Part 2 is concerned with the question of whether (and how) one can construct canonical generative models for data coarsening processes that satisfy the CAR assumption. Such models are interesting, because they can help to decide whether the CAR (or MAR) assumption can realistically be made for a given dataset at hand by investigating whether the process that caused the current data to be incomplete can be matched against one of the canonical models. Recent results have provided a fairly comprehensive picture of the existence and nature of canonical CAR models.

Part 3 is devoted to alternative learning methods when the MAR/CAR assumption appears unreasonable. It is shown that an algorithm similar to the EM algorithm (and in special cases equivalent to the EM algorithm) can be used for incomplete data that is not CAR. An implementation of this algorithm (christened AI&M by the speaker, but sometimes also less fancifully called Alternating Kullback- Leibler Minimisation) for parameter learning in Bayesian networks shows that for non-CAR data better accuracy is obtained than with the EM algorithm. Furthermore, likelihood ratios of AI&M and EM computed parameters can be used for statistical tests of the CAR assumption relative to a given parametric model.

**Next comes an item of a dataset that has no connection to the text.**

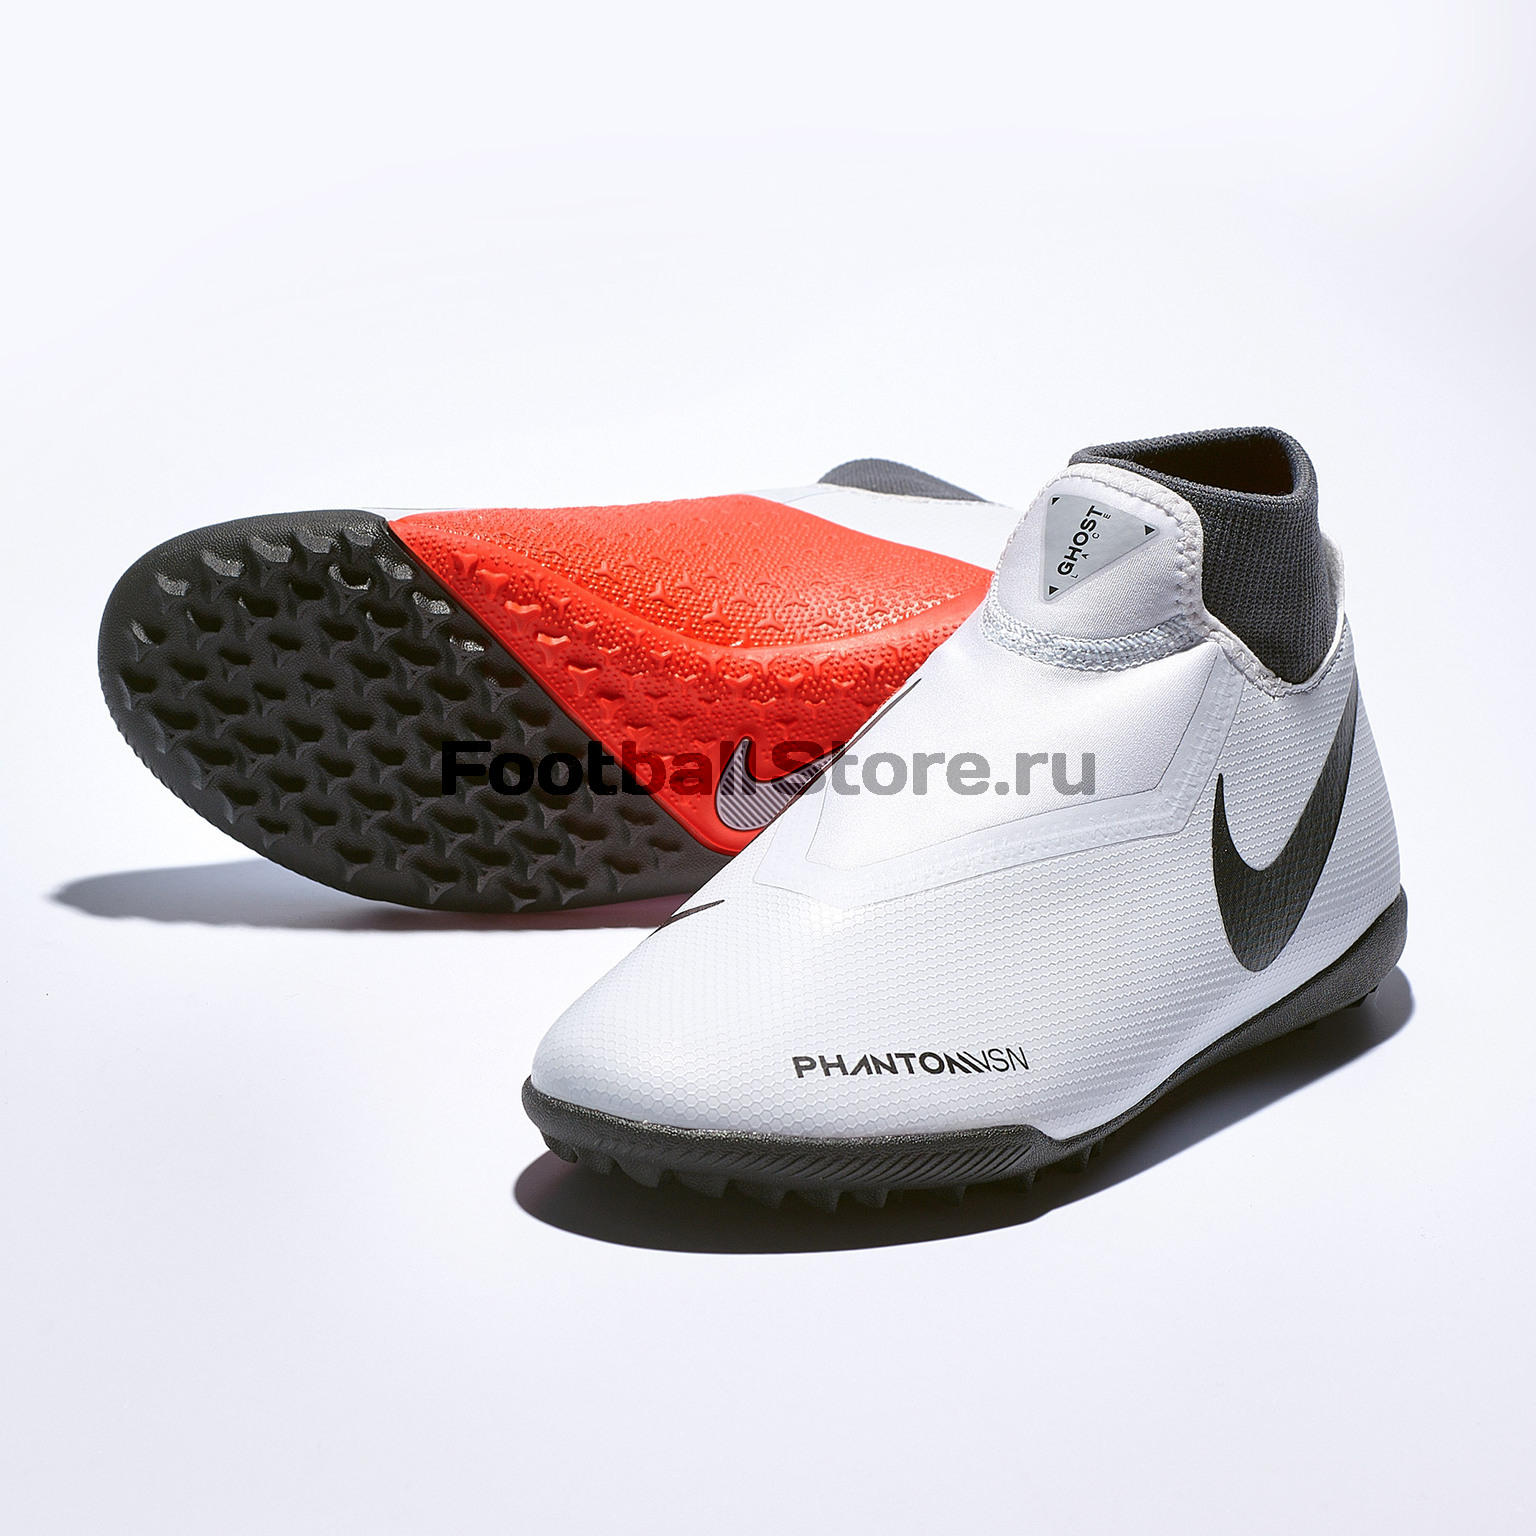 Шиповки Nike Phantom X 3 Academy DF TF AO3269-060

Shohei Shimizu and Yoshinobu Kawahara **Non-Gaussian methods for learning linear structural equation models**

Linear structural equation models (Linear SEM) are widely applied in many empirical studies including social sciences, neuroinformatics and bioinformatics. Estimation of linear SEMs for continuous variables typically uses covariance structure of data alone and poses serious identifiability problems so that many important models including path analysis models are indistinguishable with no prior knowledge on the structures. A linear acyclic model which is a special case of path analysis models is typically used to learn data generating processes. Covariance information alone is not sufficient to uniquely estimate such a linear acyclic model and in most cases cannot identify the full structure (path coefficients and path directions) of the model. Bentler (1983, Psychometrika) proposed that non-Gaussian structures of data could be useful to overcome such identifiability problems of covariance-based estimation of SEMs. Recently it was shown that use of non-Gaussianity allows the full structure of a linear acyclic model to be identified without pre-specifying any path directions between the variables (Shimizu et al., 2006, JMLR). The new method is based on a fairly recent statistical technique called independent component analysis (Hyvarinen et al., 2001, Wiley). The non-Gaussian framework has been extended in various directions for learning wider variety of SEMs. In this tutorial, we will first present an overview of non-Gaussian methods for learning SEMs and then go to some recent advances.